§ **WHAT THE EXERCISE ASKS**
For the data below, retype word for word the lines from the one containing "Haya Solutions's Project" through the one containing "Elephant on Reformer"; drop the pictures.

§ **PROVIDED DATA**
[Start of Attachment]

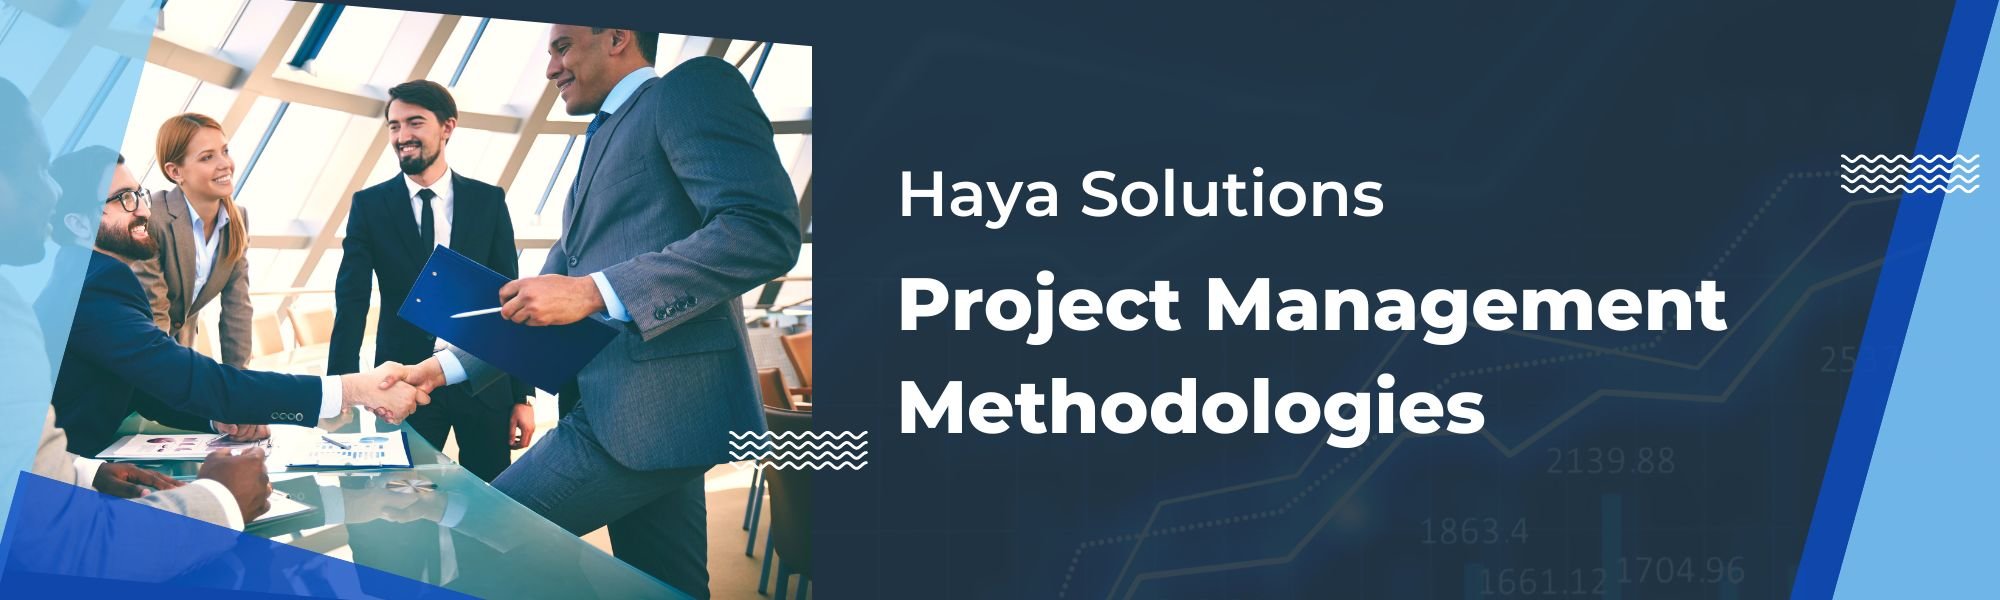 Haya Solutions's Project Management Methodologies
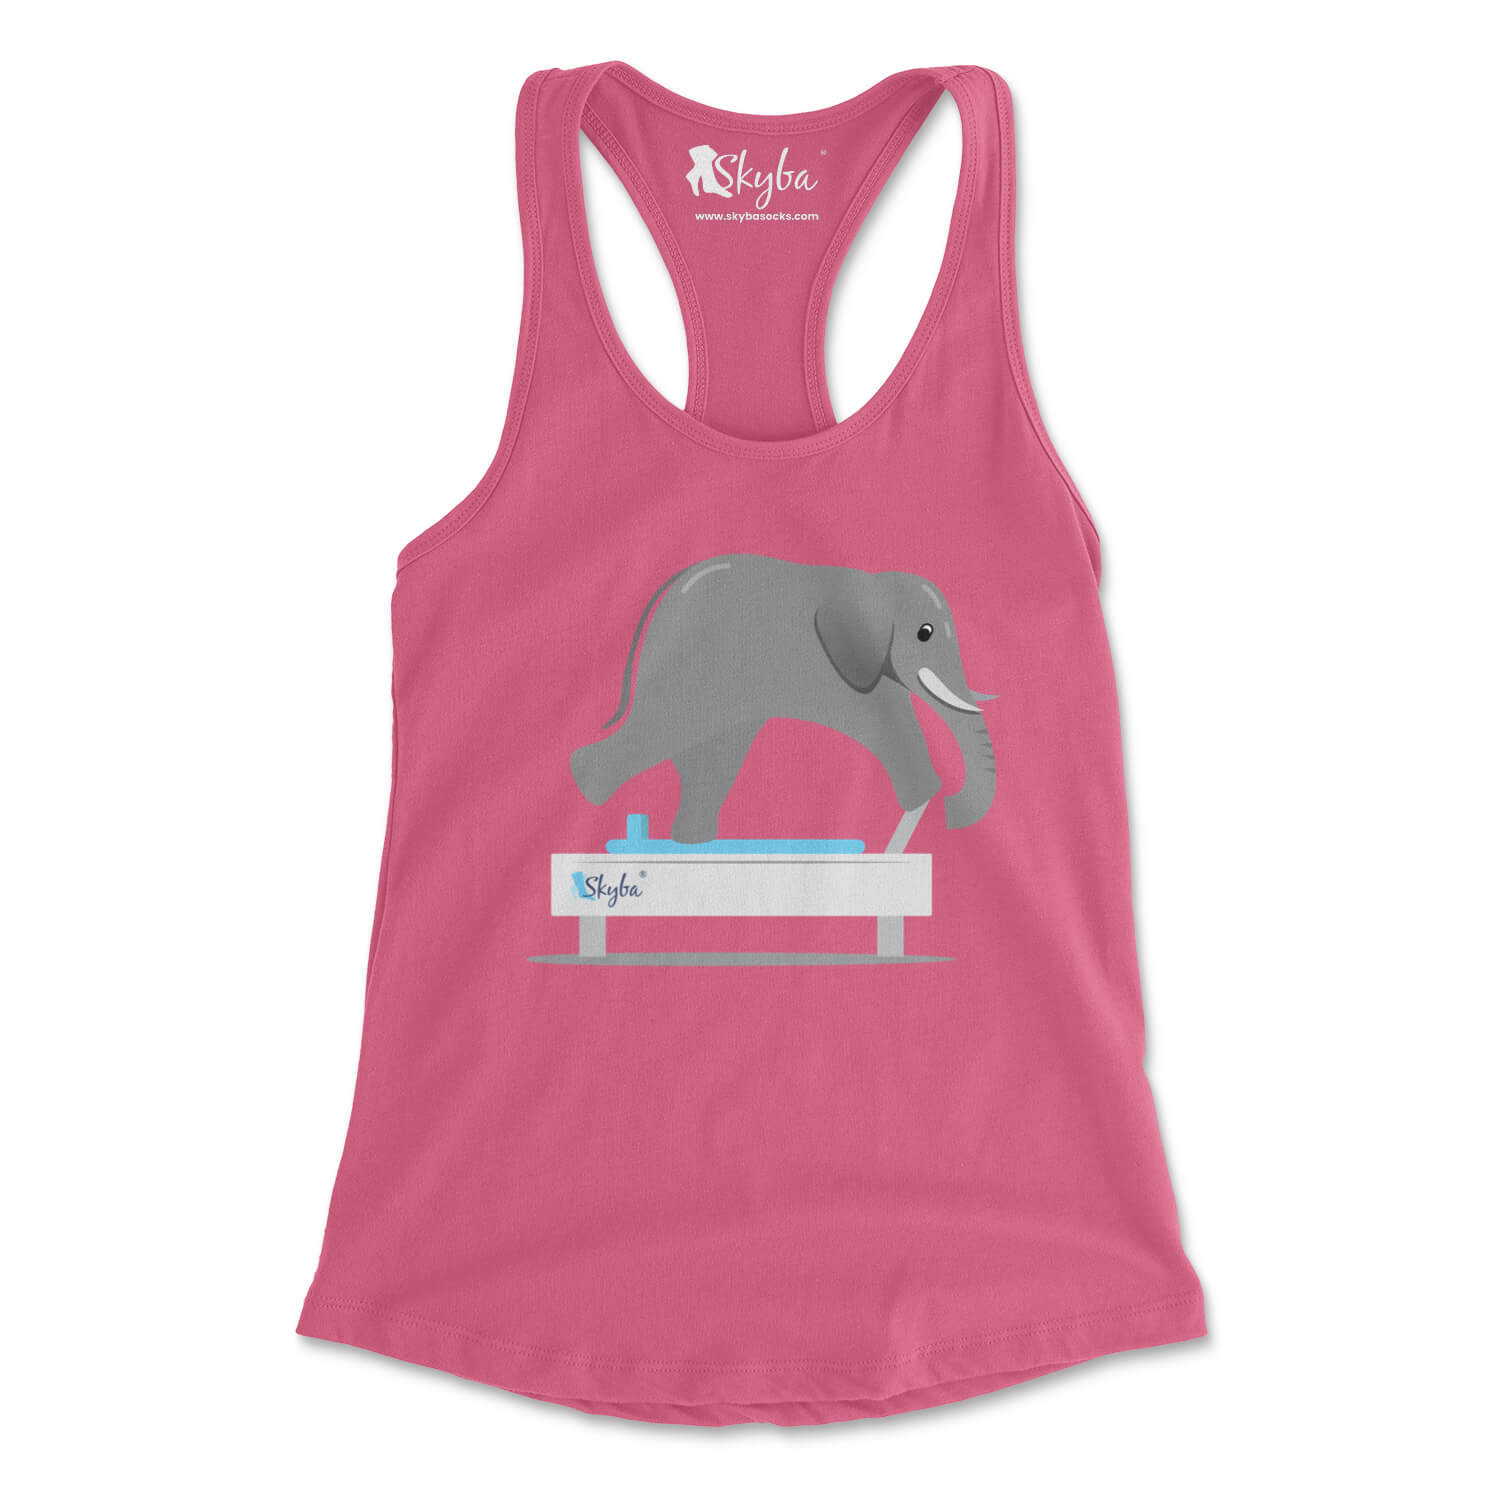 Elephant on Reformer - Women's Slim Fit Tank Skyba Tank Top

[End of Attachment]
[Start of Attachment]

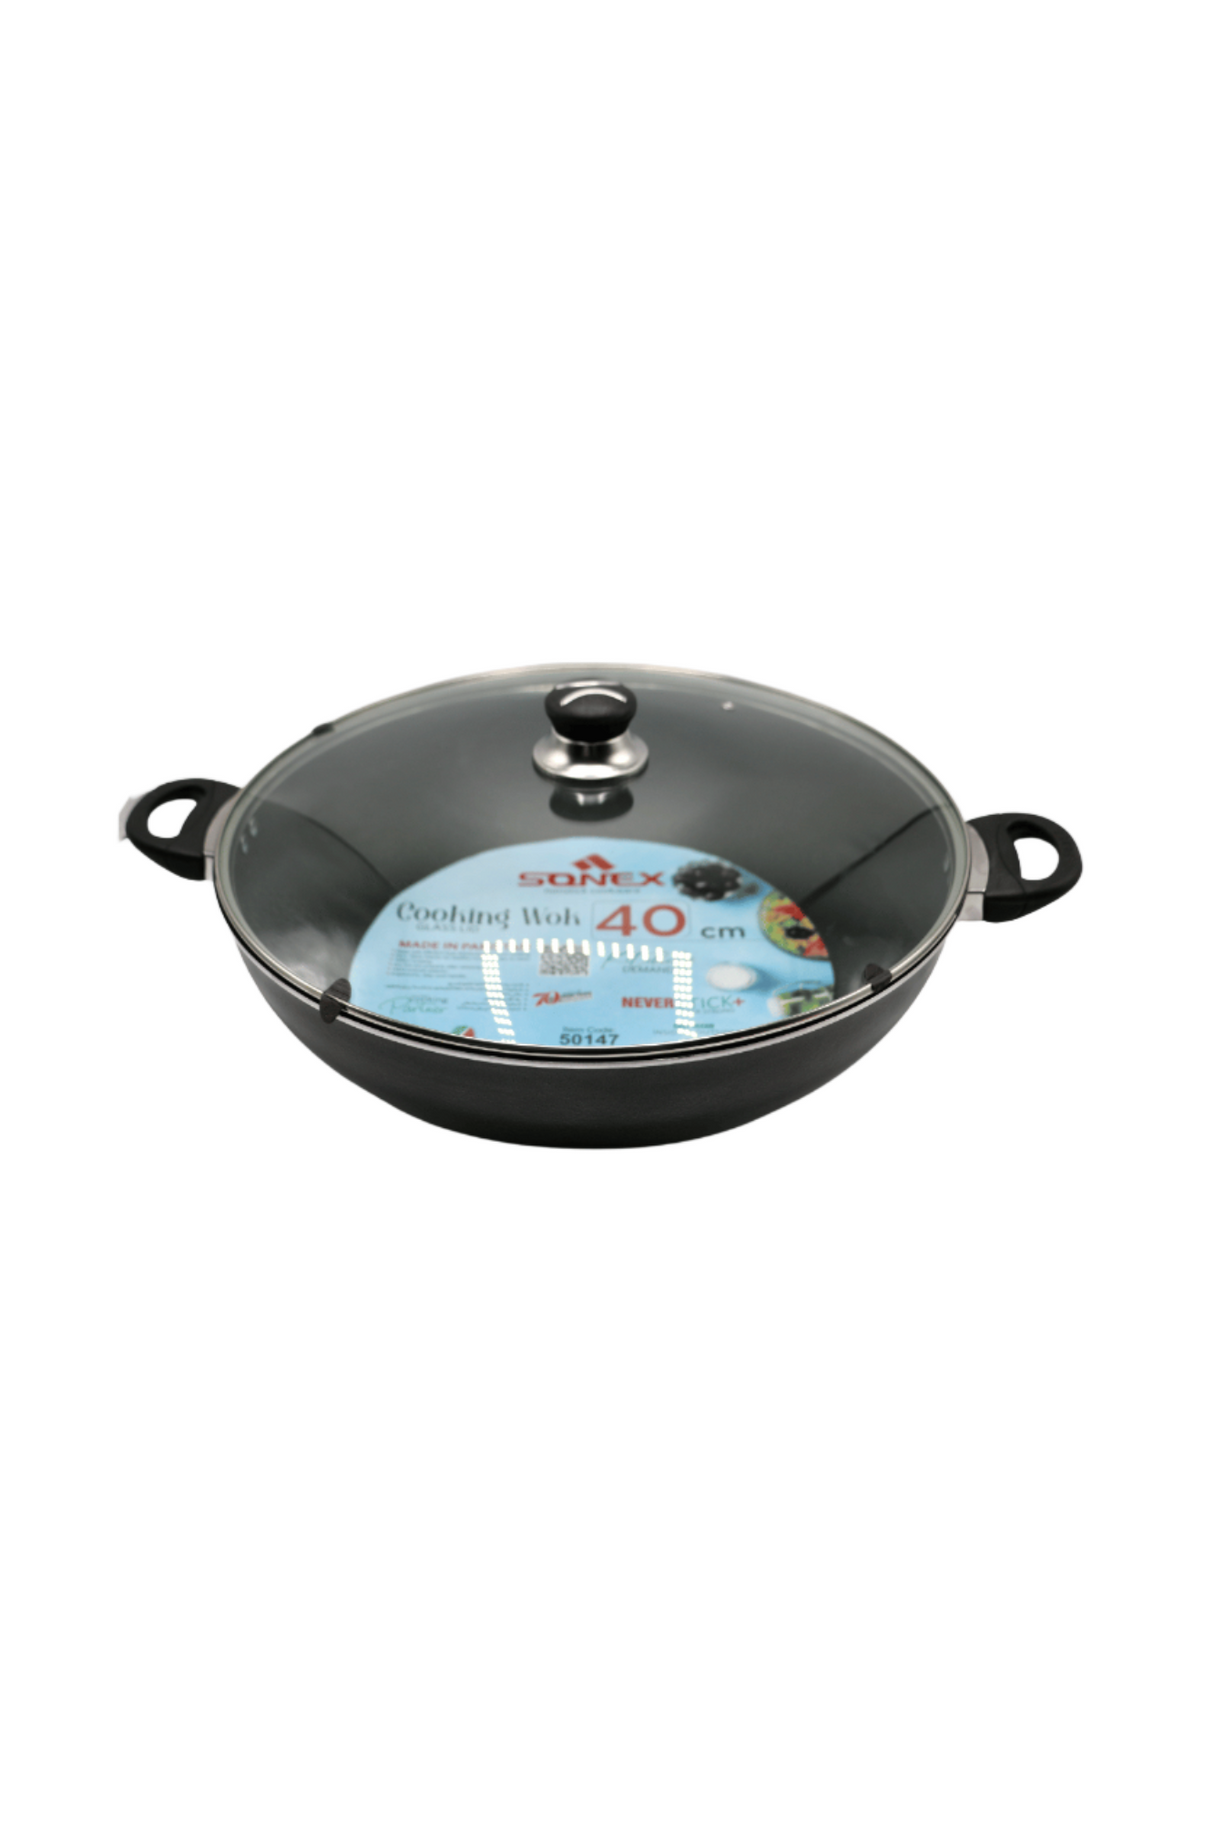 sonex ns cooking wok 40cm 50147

[End of Attachment]

§ **SOLVED PROBLEM**
 Haya Solutions's Project Management Methodologies
 Elephant on Reformer - Women's Slim Fit Tank Skyba Tank Top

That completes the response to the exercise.